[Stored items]
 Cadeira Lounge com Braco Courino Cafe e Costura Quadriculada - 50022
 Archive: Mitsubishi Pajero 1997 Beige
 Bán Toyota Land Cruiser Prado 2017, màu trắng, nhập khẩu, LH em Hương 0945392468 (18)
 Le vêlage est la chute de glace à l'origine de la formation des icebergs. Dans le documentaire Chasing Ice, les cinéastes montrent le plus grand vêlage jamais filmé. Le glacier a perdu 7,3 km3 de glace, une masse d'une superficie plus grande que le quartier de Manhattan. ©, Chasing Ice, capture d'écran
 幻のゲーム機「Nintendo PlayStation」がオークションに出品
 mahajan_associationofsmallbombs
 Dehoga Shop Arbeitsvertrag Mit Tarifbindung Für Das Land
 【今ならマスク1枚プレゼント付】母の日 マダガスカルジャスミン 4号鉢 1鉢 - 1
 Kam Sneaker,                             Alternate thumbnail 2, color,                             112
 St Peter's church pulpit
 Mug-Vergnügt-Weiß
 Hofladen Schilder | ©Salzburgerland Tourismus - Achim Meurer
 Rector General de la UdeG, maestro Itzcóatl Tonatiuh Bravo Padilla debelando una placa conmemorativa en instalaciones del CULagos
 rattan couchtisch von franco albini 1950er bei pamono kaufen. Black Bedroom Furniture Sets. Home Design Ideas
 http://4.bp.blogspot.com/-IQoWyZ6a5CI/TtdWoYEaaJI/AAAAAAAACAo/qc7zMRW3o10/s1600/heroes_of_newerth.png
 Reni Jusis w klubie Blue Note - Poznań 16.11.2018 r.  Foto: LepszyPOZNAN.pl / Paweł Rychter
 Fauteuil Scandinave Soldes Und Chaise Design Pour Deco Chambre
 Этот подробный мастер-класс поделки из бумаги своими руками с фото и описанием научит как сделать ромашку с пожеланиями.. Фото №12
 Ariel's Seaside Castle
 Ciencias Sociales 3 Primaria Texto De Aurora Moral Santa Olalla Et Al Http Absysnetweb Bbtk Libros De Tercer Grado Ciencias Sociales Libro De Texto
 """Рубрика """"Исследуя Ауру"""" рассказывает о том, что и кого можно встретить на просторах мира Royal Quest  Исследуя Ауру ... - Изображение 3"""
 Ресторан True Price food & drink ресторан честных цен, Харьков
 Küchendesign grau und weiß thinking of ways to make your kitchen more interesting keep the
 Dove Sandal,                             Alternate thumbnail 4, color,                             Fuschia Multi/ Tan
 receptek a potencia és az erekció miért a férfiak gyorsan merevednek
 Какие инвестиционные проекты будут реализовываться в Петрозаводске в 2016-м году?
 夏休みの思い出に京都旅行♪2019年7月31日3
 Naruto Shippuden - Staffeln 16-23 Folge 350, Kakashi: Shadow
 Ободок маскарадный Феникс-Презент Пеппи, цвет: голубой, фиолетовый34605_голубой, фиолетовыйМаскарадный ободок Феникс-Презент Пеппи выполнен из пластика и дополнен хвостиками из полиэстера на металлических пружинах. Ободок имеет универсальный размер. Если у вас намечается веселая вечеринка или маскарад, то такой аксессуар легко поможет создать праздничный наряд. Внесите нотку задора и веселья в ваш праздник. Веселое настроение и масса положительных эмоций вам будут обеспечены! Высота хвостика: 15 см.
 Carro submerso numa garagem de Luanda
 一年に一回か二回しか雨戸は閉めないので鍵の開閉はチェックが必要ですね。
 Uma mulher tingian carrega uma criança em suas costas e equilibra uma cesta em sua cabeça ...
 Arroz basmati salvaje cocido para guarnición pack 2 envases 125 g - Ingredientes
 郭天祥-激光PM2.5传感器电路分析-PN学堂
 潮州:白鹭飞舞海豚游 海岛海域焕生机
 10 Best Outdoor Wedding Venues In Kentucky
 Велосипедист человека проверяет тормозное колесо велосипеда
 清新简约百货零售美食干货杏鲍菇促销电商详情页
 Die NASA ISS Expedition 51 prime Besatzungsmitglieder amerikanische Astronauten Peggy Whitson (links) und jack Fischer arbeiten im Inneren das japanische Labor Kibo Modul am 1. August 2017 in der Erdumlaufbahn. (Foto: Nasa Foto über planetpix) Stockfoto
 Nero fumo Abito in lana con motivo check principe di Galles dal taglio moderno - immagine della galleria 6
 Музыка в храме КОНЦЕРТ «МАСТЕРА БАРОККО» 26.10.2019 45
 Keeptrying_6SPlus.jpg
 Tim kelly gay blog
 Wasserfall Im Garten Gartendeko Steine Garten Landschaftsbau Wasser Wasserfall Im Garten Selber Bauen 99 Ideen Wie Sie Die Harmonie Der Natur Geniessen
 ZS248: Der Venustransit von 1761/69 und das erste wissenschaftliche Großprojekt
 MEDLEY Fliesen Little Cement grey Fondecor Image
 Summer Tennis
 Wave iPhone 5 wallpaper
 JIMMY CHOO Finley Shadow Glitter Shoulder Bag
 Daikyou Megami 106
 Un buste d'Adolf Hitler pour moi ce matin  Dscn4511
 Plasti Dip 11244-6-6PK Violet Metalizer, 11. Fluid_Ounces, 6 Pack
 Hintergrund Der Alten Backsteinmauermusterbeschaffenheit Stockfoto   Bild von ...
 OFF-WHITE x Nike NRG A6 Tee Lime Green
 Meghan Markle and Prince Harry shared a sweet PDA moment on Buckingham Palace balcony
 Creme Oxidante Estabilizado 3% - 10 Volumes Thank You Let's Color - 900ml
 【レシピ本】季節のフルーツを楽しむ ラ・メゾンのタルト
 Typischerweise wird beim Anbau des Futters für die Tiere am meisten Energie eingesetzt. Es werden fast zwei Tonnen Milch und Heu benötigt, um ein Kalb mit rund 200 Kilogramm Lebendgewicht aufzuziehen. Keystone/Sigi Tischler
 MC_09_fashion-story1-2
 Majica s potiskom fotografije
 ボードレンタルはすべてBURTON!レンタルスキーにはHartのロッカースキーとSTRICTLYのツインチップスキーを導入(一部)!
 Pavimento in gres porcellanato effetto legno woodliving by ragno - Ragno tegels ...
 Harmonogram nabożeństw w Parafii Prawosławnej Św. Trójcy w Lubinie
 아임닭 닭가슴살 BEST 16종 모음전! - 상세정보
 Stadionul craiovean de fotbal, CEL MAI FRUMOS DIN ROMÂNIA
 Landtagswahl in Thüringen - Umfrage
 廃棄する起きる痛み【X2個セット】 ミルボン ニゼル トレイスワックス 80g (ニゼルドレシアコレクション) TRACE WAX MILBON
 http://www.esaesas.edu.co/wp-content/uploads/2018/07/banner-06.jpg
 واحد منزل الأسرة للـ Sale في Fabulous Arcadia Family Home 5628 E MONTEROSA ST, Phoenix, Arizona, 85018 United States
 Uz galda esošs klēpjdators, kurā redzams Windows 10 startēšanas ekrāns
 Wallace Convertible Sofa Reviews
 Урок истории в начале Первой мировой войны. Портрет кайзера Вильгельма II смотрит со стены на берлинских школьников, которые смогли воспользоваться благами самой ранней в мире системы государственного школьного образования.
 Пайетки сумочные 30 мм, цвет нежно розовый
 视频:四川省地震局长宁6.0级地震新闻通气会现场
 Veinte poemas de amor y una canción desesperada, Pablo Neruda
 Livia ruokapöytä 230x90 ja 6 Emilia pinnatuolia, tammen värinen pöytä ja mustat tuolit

TASK INSTRUCTIONS: Print each line, exactly as written, from the one that contains "Un buste d'Adolf" to the end of the data above, with both end lines included and nothing else.

REPLY TO THE TASK:
 Un buste d'Adolf Hitler pour moi ce matin  Dscn4511
 Plasti Dip 11244-6-6PK Violet Metalizer, 11. Fluid_Ounces, 6 Pack
 Hintergrund Der Alten Backsteinmauermusterbeschaffenheit Stockfoto   Bild von ...
 OFF-WHITE x Nike NRG A6 Tee Lime Green
 Meghan Markle and Prince Harry shared a sweet PDA moment on Buckingham Palace balcony
 Creme Oxidante Estabilizado 3% - 10 Volumes Thank You Let's Color - 900ml
 【レシピ本】季節のフルーツを楽しむ ラ・メゾンのタルト
 Typischerweise wird beim Anbau des Futters für die Tiere am meisten Energie eingesetzt. Es werden fast zwei Tonnen Milch und Heu benötigt, um ein Kalb mit rund 200 Kilogramm Lebendgewicht aufzuziehen. Keystone/Sigi Tischler
 MC_09_fashion-story1-2
 Majica s potiskom fotografije
 ボードレンタルはすべてBURTON!レンタルスキーにはHartのロッカースキーとSTRICTLYのツインチップスキーを導入(一部)!
 Pavimento in gres porcellanato effetto legno woodliving by ragno - Ragno tegels ...
 Harmonogram nabożeństw w Parafii Prawosławnej Św. Trójcy w Lubinie
 아임닭 닭가슴살 BEST 16종 모음전! - 상세정보
 Stadionul craiovean de fotbal, CEL MAI FRUMOS DIN ROMÂNIA
 Landtagswahl in Thüringen - Umfrage
 廃棄する起きる痛み【X2個セット】 ミルボン ニゼル トレイスワックス 80g (ニゼルドレシアコレクション) TRACE WAX MILBON
 http://www.esaesas.edu.co/wp-content/uploads/2018/07/banner-06.jpg
 واحد منزل الأسرة للـ Sale في Fabulous Arcadia Family Home 5628 E MONTEROSA ST, Phoenix, Arizona, 85018 United States
 Uz galda esošs klēpjdators, kurā redzams Windows 10 startēšanas ekrāns
 Wallace Convertible Sofa Reviews
 Урок истории в начале Первой мировой войны. Портрет кайзера Вильгельма II смотрит со стены на берлинских школьников, которые смогли воспользоваться благами самой ранней в мире системы государственного школьного образования.
 Пайетки сумочные 30 мм, цвет нежно розовый
 视频:四川省地震局长宁6.0级地震新闻通气会现场
 Veinte poemas de amor y una canción desesperada, Pablo Neruda
 Livia ruokapöytä 230x90 ja 6 Emilia pinnatuolia, tammen värinen pöytä ja mustat tuolit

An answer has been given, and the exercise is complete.